SEATTLE — Cops say they’ve got at least one of the suspects in a rash of Seattle apartment burglaries.

Exactly how the suspect got inside now has the Seattle Fire Department investigating, too.

KNOX BOX BURGLARIESIt has to do with a device called Knox box, sort of like Fort Knox.  You find them on apartment and commercial buildings as they’re required by law.

Inside the small, wall-mounted safe you’ll find master keys to the building, but they’re supposed to only be accessible to Seattle firefighters in case of an emergency.

Somehow, a burglar got his hands on a key of his own.

Seattle police say 42-year-old Norman Bottem also had a key even though he’s never worked for the Fire Department.

Investigators say Bottem burglarized a minimum of three Seattle apartment buildings since April.

Surveillance video led to Bottem’s arrest.

The Seattle Fire Department says as many as 40 other Knox boxes throughout the city have been compromised.

Residents at the burgled apartments say it’s time to re-think the lock-and-key security.
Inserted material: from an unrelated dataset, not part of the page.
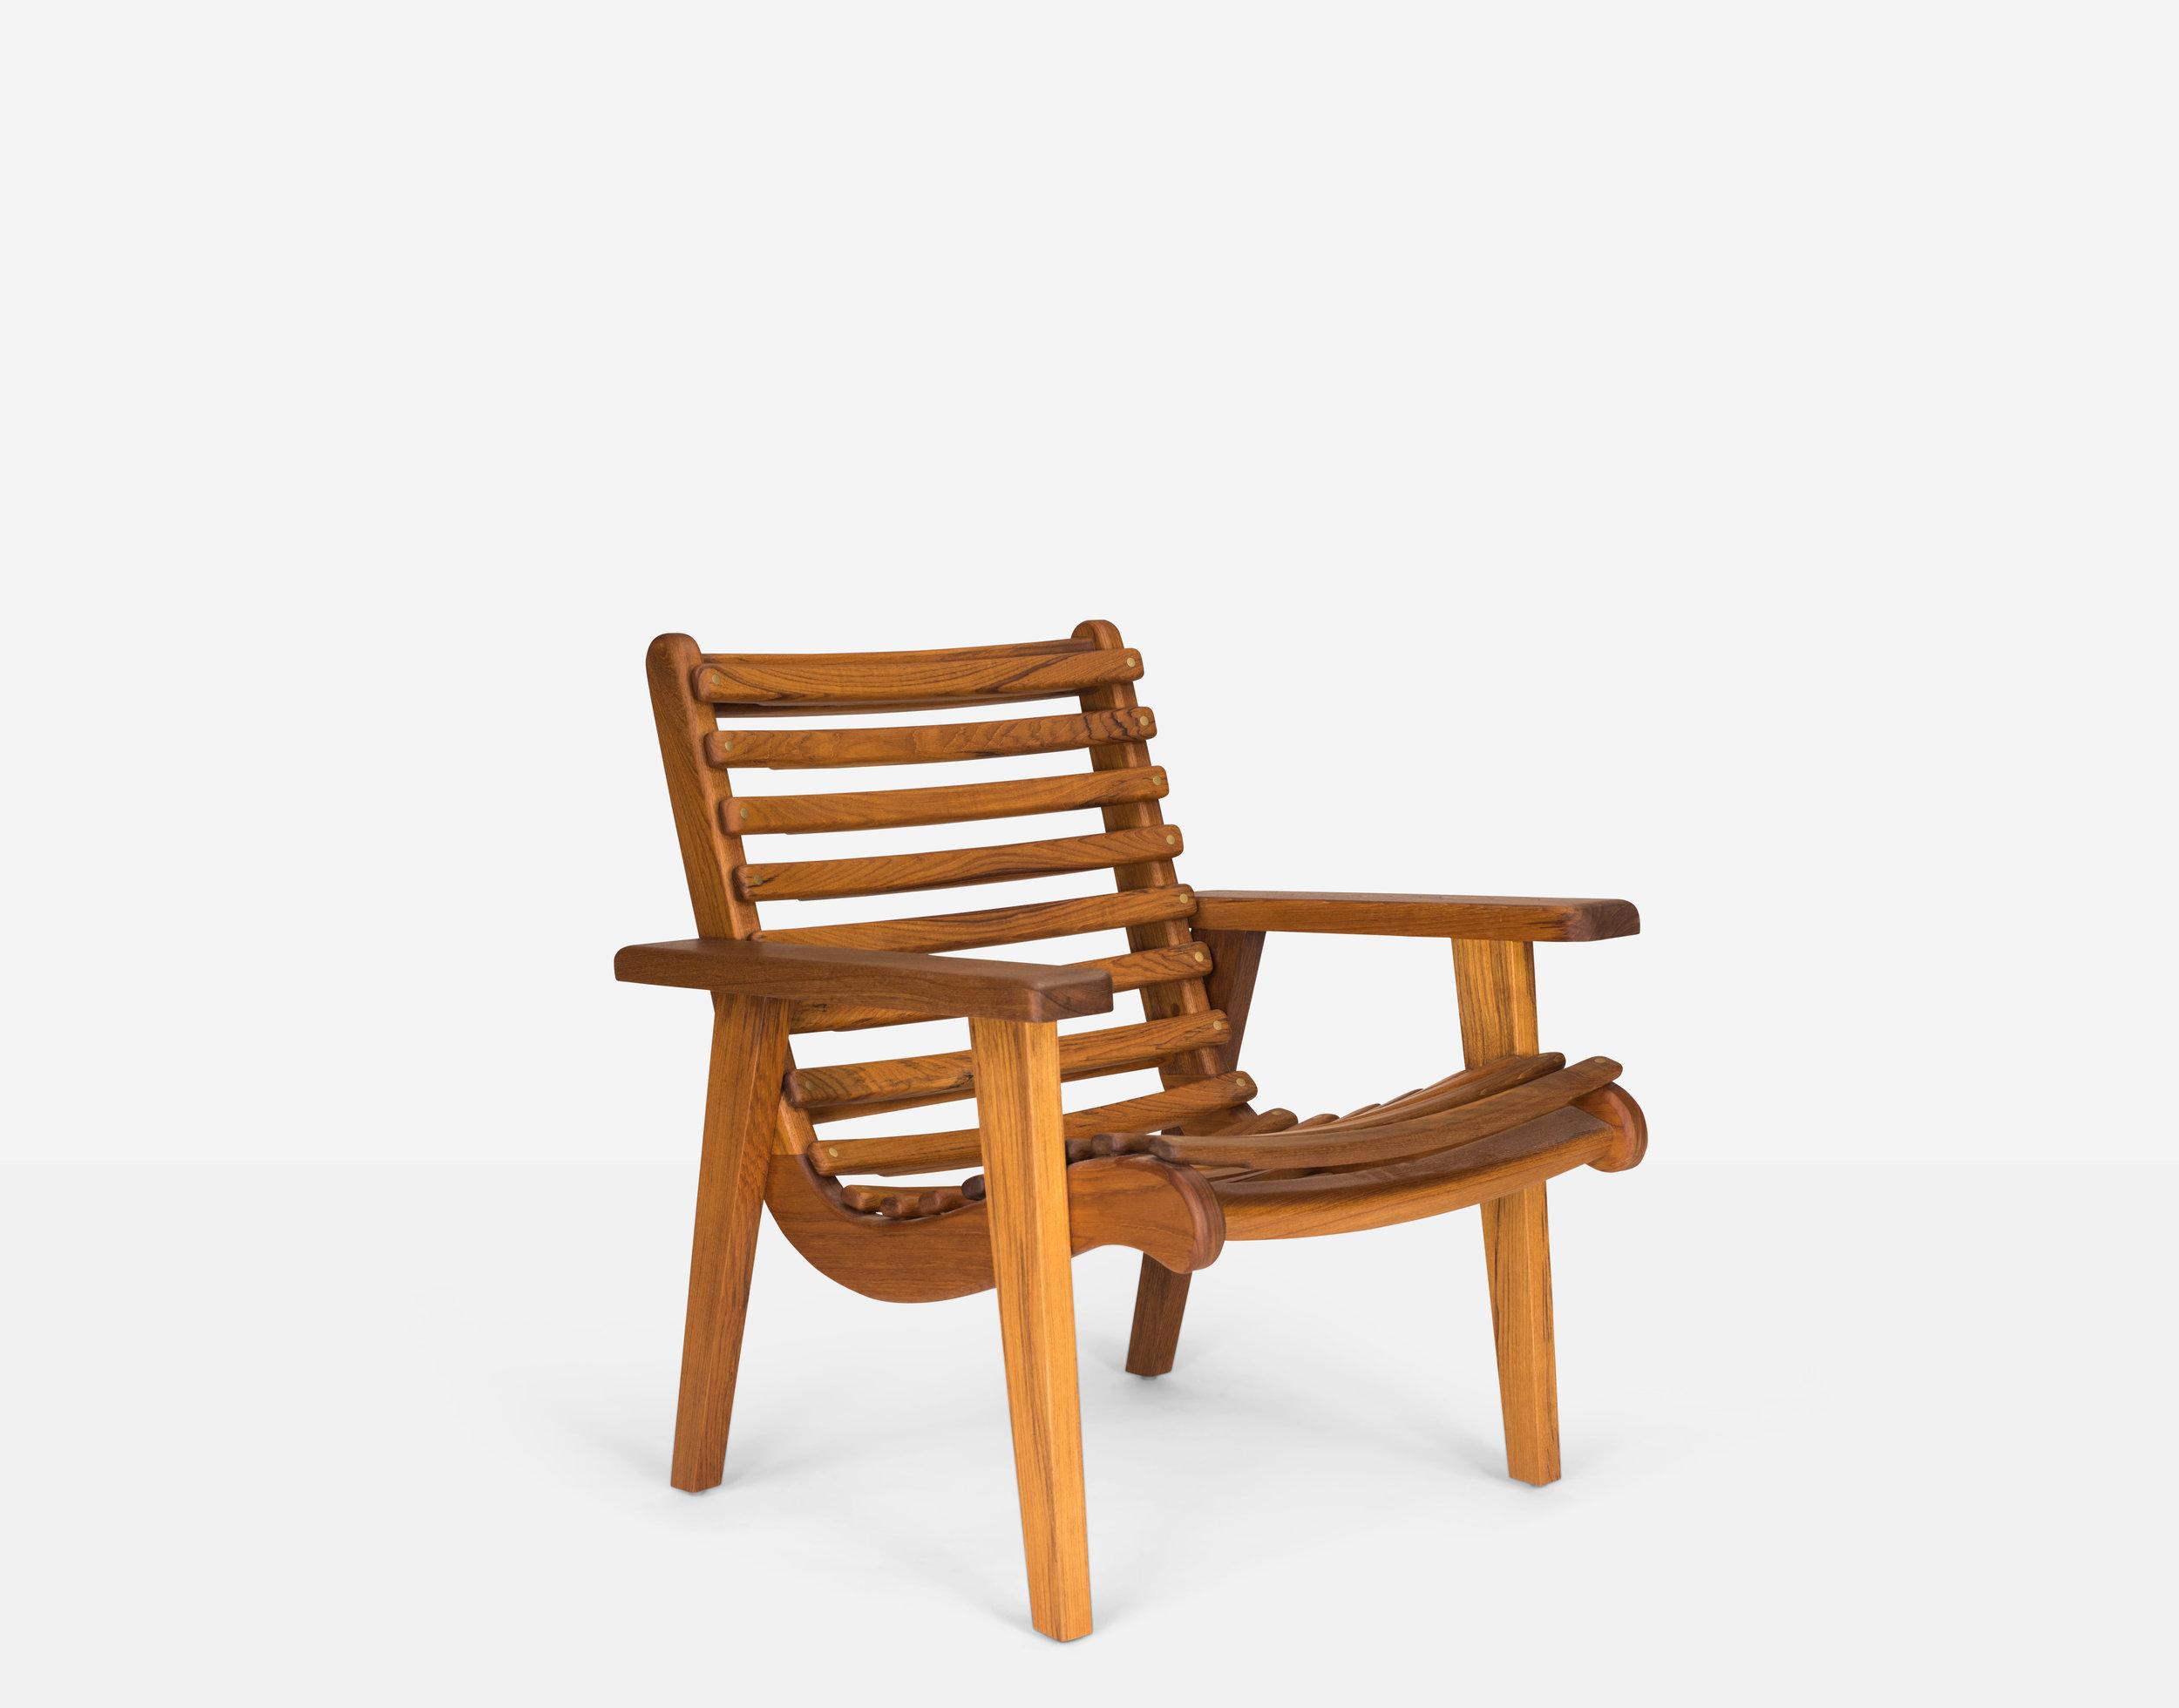 Luteca_MvB_San Miguelito-Armchair_Teak_FP-W.jpg

“Maybe it’s time to replace it with something more robust,” said Bryce Roche. “Clearly it’s not working.”

Bottem has lengthy criminal history ranging from felony burglary to misdemeanor drug possession.

He was out on $10,000 bail after pleading guilty to first-degree theft, but now he’s back in the King County Jail.

Now SFD is spending some $500,000 to re-key all of the Knox boxes across the city.